# Dataset section

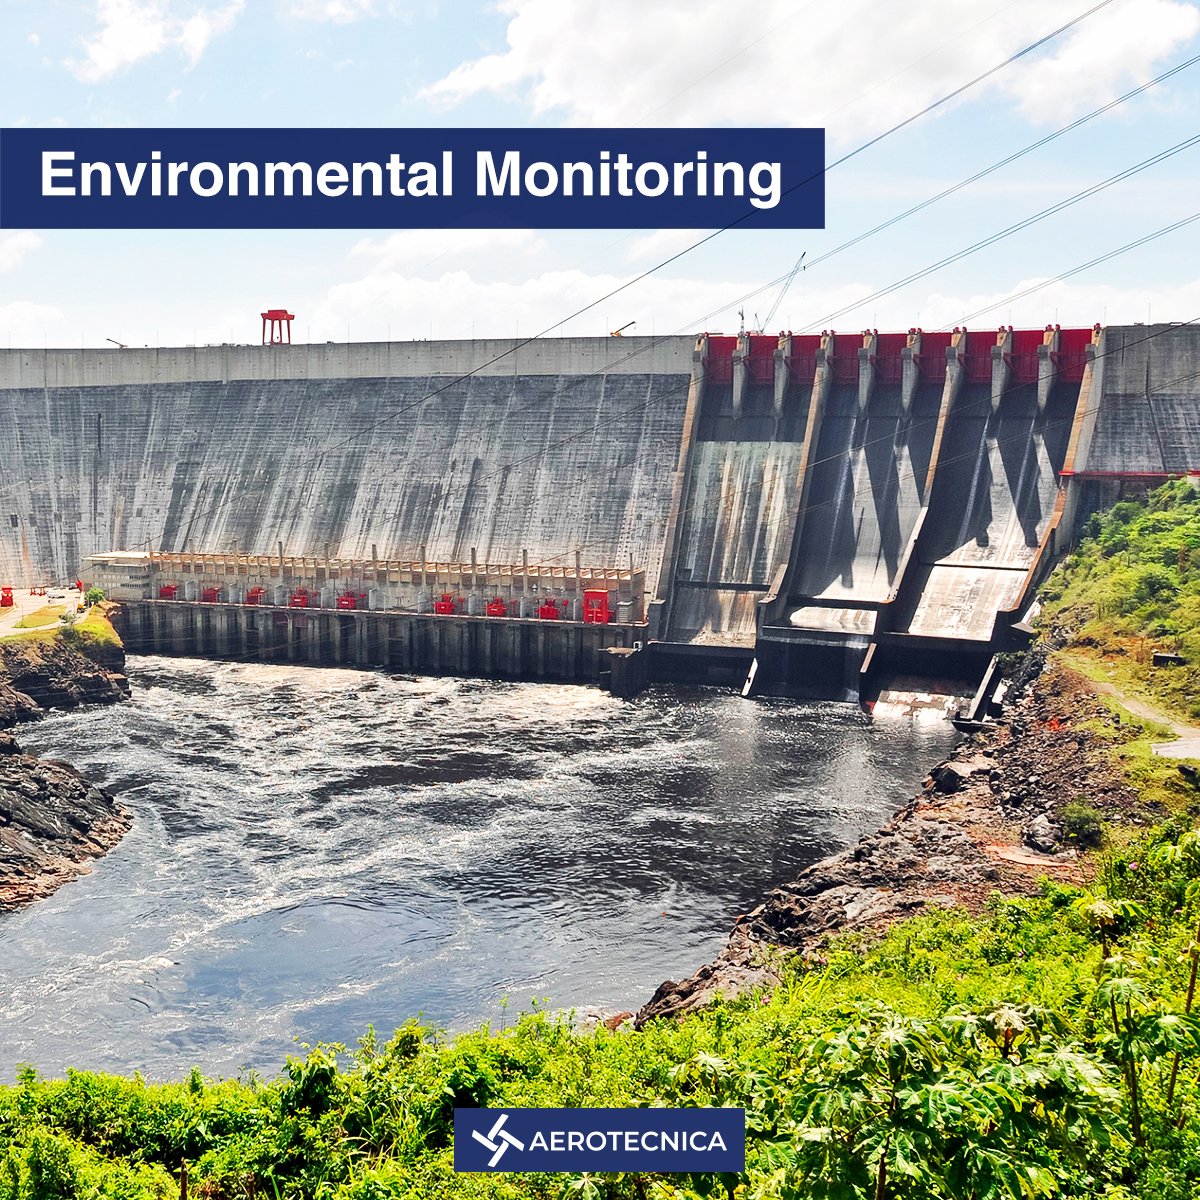 In Aerotecnica, we are #environmentallyresponsible.
Our services cover surveillance and supervision of hydrographic river basins and other areas where operations are open to risks of flooding, landslides, pollution, and spills. 
#Aerotecnica #AviationServices
#greenmatter

# Exercise brief
Restate the material word for word; no picture should appear in the copy.

# Answer
 In Aerotecnica, we are #environmentallyresponsible.
Our services cover surveillance and supervision of hydrographic river basins and other areas where operations are open to risks of flooding, landslides, pollution, and spills. 
#Aerotecnica #AviationServices
#greenmatter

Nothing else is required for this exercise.